Using Postgresql's tsrange Range Type with Rails

The Range Data Type

Postgres 9.2 and later supports range data types including:

and as of Rails 4.0.0 in pull request 7345 so does Rails. Some of the commentary on this PR about bounds is interesting if you have some time to kill. The release notes have a simple example of how to use the range, which holds a start and end date (or datetime) in a single field. Here’s the given example:

create_table :Room do |t|
  t.daterange :availability
end

Room.create(availability: (Date.today..Float::INFINITY))
Room.first.availability # => Wed, 19 Sep 2012..Infinity

Instead of having multiple columns named something like start_date and end_date you can have a single attribute. The daterange object provides #begin and #end methods that can be used to retrieve the starting and ending date objects, respectively.

Gotchas:

I did run into a couple interesting things while implementing the range data type though. There is at least one additional PR related to this functionality so check your Rails version before diving in.

There have been some limitations reported with RailsAdmin so test thoroughly if this limitation could impact you.

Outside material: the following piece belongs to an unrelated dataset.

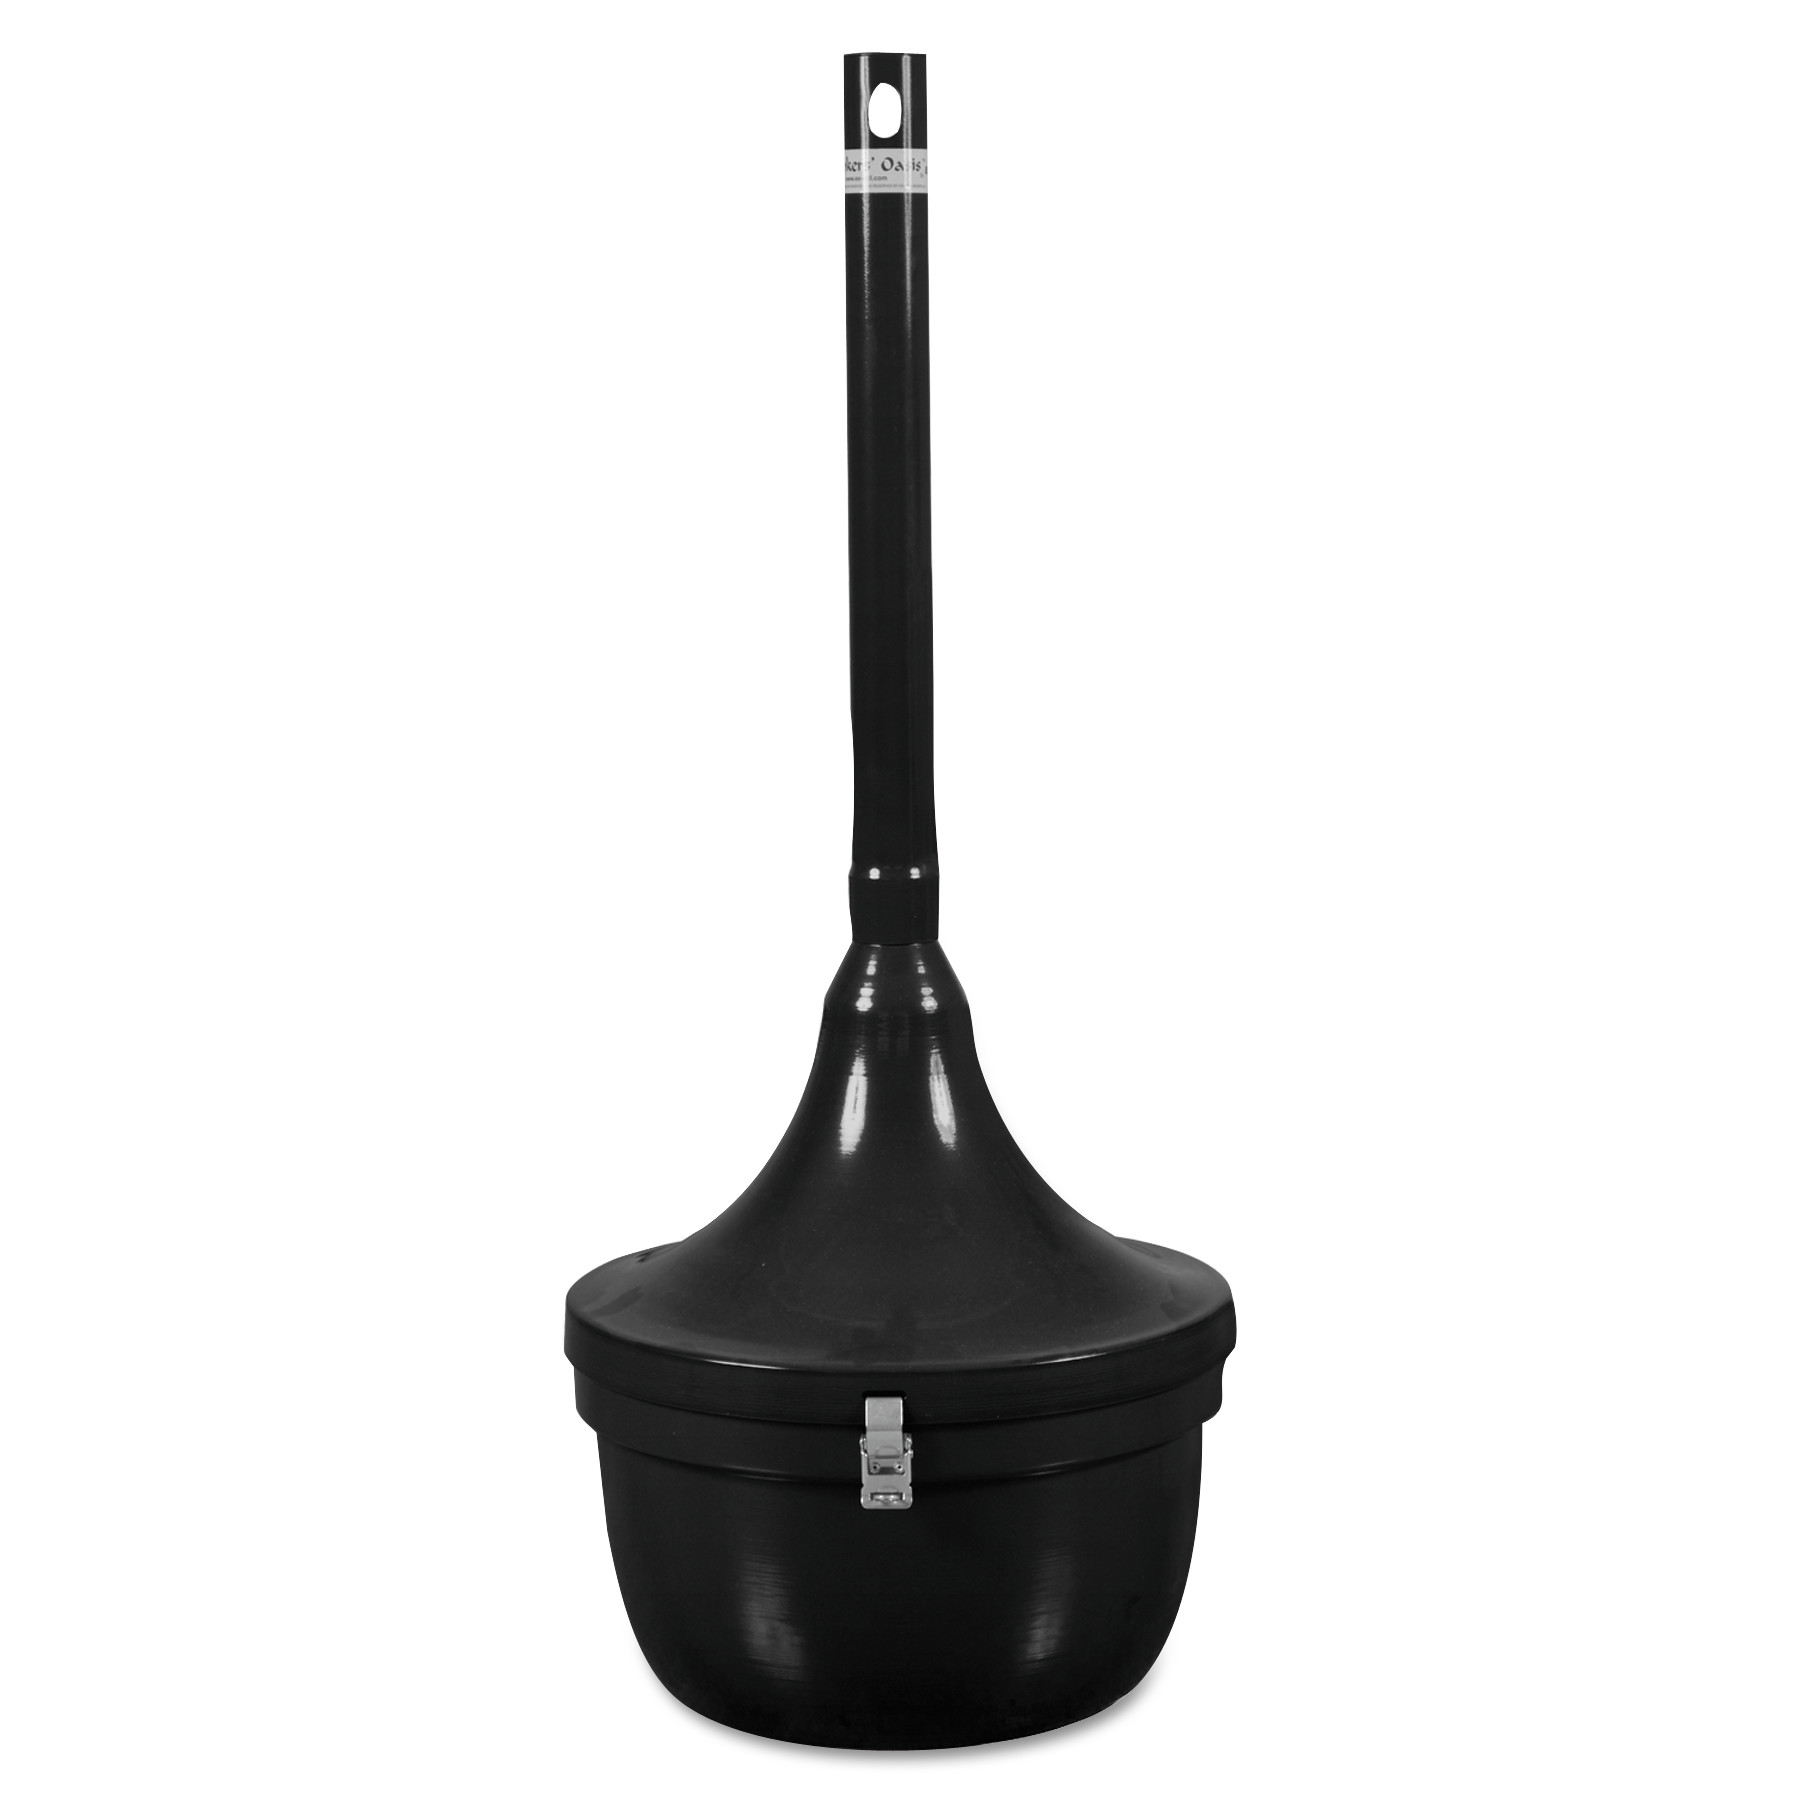  Ex-Cell SRS-1 BLK Smokers' Oasis Receptacle, Round, Steel, 4.5 gal, Black (EXCSRS1BLK)

Casting range data types via Rails migrations gets interesting. For example, if you started with a daterange type and eventually wanted a tsrange so that the field includes time as well as date you can’t get away with a simple migration such as the one below (assuming the column name is ‘when’):

def self.up
  change_column :events, :when, :tsrange
end

because there is no default casting value from daterange to tsrange. You can get around the issue with something like the below:

connection.execute(%q{
    alter table events
    alter column "when"
    type tsrange using tsrange(lower("when"), upper("when"))
})

The app where I used this range type is very young so time will tell if this decision was a good one but it’s always fun to experiment with new Rails features on top of Postgres.